The third and probably most contentious issue is the Citizenship (Amendment) Act 2019, amending an earlier 1955 Act. The new act provides a path to citizenship for “illegal” non-Muslim refugees (possessing no legal entry papers), fleeing alleged religious prosecution from neighbouring Muslim majority states of Afghanistan, Pakistan and Bangladesh. The Supreme Court is now reviewing the Act to clarify several complex provisions regarding applicability. Further complicating the larger issue of who is legitimately a citizen were announcements of bringing the National Register of Citizens up to date, a move many interpret as an attempt to deny citizenship rights to Muslims because of a lack of documentation (The government later said NRC is not on the agenda). More than the other actions, these moves were criticised at home and abroad as a blow to the secular foundations of the Indian State. These initiatives, in addition, complicate the chances of Muslim legitimately seeking refugee status because they are adherents to groups under attack in neighbouring states, such as the Ahmadiyas and Sufis in Pakistan and the Hazara ethnic group in Afghanistan.The protests may have delayed plans to create a common civil code, which has considerable support within the BJP and RSS — and considerable opposition within the Muslim community.
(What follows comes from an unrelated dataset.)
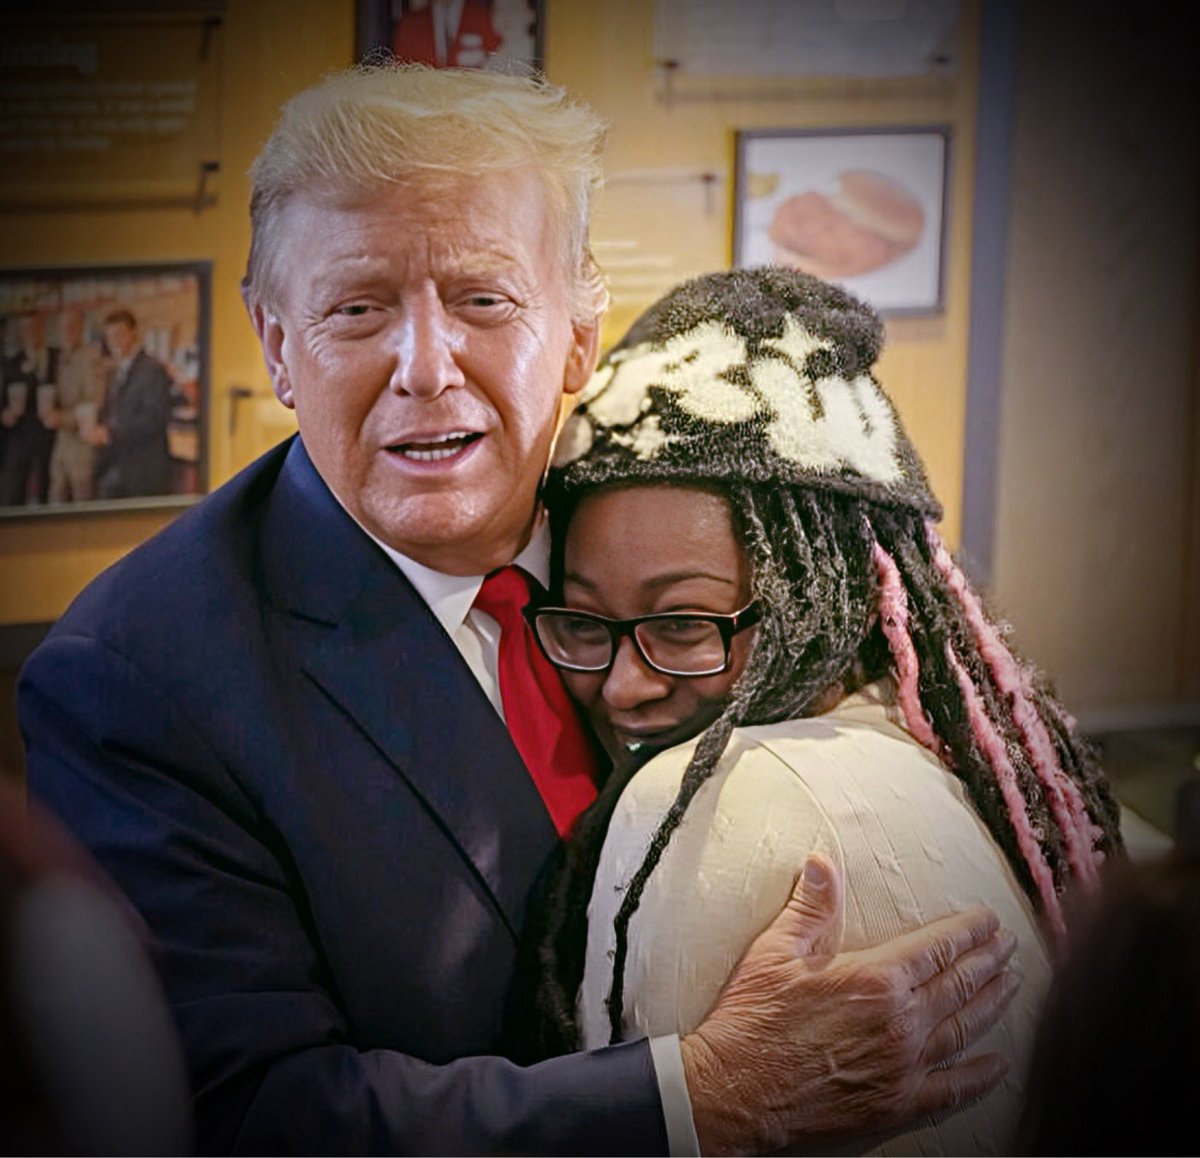 This photo should be showcased on every news station, should be gracing front pages of newspapers & covers of magazines all across America. But it won’t, because it shows that Donald Trump is loved.

Curiously, the government has been far more cautious on economic reforms, even though many in the RSS and BJP view economic well-being and equity as key elements of Hindutva. Populist economic themes have been major elements in the RSS chief’s recent Vijayadashmi speeches, occasions for the RSS to inform the public of its national concerns. The relative lack of bold innovative steps on economic issues might be because Modi, a more cautious policy-maker than Shah, has retained control of economic policy (and foreign policy). With an economy declining at home and internationally, cultural-nationalist issues such as a Ram temple might at least in part represent an effort to divert attention from economic stress. Polling data, however, suggests that such cultural-nationalist issues have much less influence on local and state elections than on national parliamentary contests. Recent elections in Delhi (where the Aam Aadmi Party won a large majority), for example, indicate that policy regarding roads, schools and water shaped the popular outcome.
The long-range social impact of the surge of recent Hindutva initiatives is still unclear. If they result in increased social instability, the prospects for economic investment are likely to decrease, a development that could have negative political implications for the BJP and diminish India’s attractiveness as a strategic partner for the US and other countries concerned by the rise of an assertive China. One indication of this potential is the rioting that suddenly broke out in northeastern Delhi (apparently triggered by public intemperate remarks of a failed politician regarding the citizenship issue) during the visit of President Donald Trump to India — and thus attracted international attention. This may be the time for the government to consider how Hindutva initiatives impact the country’s social fabric.